The goal is not to make every profile, language version and source say the exact same robotic sentence. The goal is to make sure the core facts stay consistent:

  • Who is the entity?
  • What is the official website?
  • What are the main names or aliases?
  • What does the entity do?
  • Which topics, services, people, organizations and projects belong to it?

When those signals are clear, different queries can still point back to the same entity. And that is exactly what we want.

Once you do have an entry in the Knowledge Graph Search API, you technically do have a knowledge panel. It might lot very fancy, no images, no texts, just the name or brand, but you do have a Knowlege Panel.

But a Knowledge Panel is not just a fancy search result box. It is Google saying: “We believe this thing is a real, recognizable entity, and we have enough information to summarize it.”

That is why confidence matters.

Google does not only need to find your website. It needs to understand that you are a specific person, brand, organization, product, place, work or concept. It also needs to separate you from similar names, related topics and possible misunderstandings.

This is where entity confidence becomes important. If Google sees a name once, that is a signal. If it sees the same name connected to a website, social profiles, articles, structured data, interviews, databases, company pages and consistent descriptions, that signal becomes stronger.

A Knowledge Panel is not created because one page says, “Trust me bro, I am important.”

It appears when enough reliable signals across the web point in the same direction.

The Confidence Score Is Not the Panel — But It Can Reveal the Problem

This is where we need to be careful. A higher resultScore in the Knowledge Graph Search API does not automatically mean you will get a fancier Knowledge Panel (but it increases the chances). It also does not mean that Google will show your entity more often in search results.

But it can help diagnose a problem.

If your brand name returns the wrong entity, that is a problem.
If your name returns many unrelated entities before your own, that is a problem.
If your official entity appears only for one exact query but disappears for variations, translations or common abbreviations, that is also a problem.

That does not mean the API is showing you the full truth. It is only one window into Google’s entity system. But sometimes one window is enough to notice that the house is on fire.

For Knowledge Panel optimization, this can be extremely useful. You can test whether Google connects your entity to your official name, alternative names, translated names, services, projects or important topics.

The goal is not to chase a random number. The goal is to understand whether Google can clearly identify you.

Ambiguity Is the Enemy

A lot of Knowledge Panel problems are really ambiguity problems.

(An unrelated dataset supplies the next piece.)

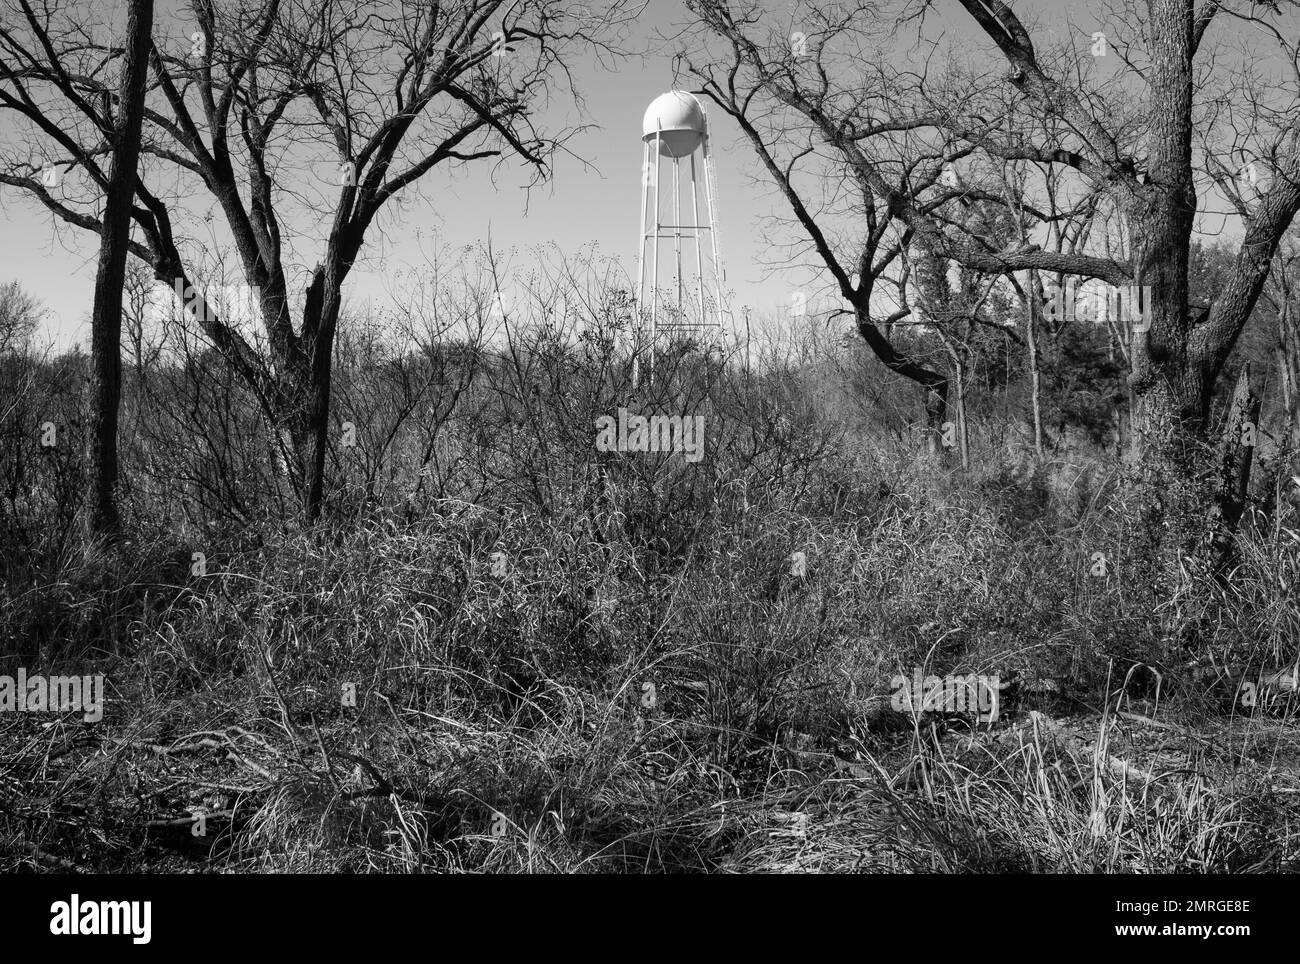 Photo en noir et blanc d'une tour de stockage d'eau dans un champ sec d'arbres frappés par la sécheresse. Parc national d'Abilene, Texas Banque D'Images

Maybe your name is common.
Maybe another person has the same name.
Maybe your brand name sounds like a product category.
Maybe your company has different spellings across platforms.
Maybe your website says one thing, LinkedIn says another, and old profiles say something completely different.

For humans, this is often easy to understand. We can look at context and say: “Yes, obviously this is the same person.”

Machines are not always that generous.

They need repeated, structured, consistent confirmation. They need to see that the website, social profiles, articles, databases, images, descriptions and relationships all belong to the same entity.

That is why Knowledge Panel optimization is not just about adding Schema markup. It is about reducing confusion.

You want Google to have fewer reasons to hesitate.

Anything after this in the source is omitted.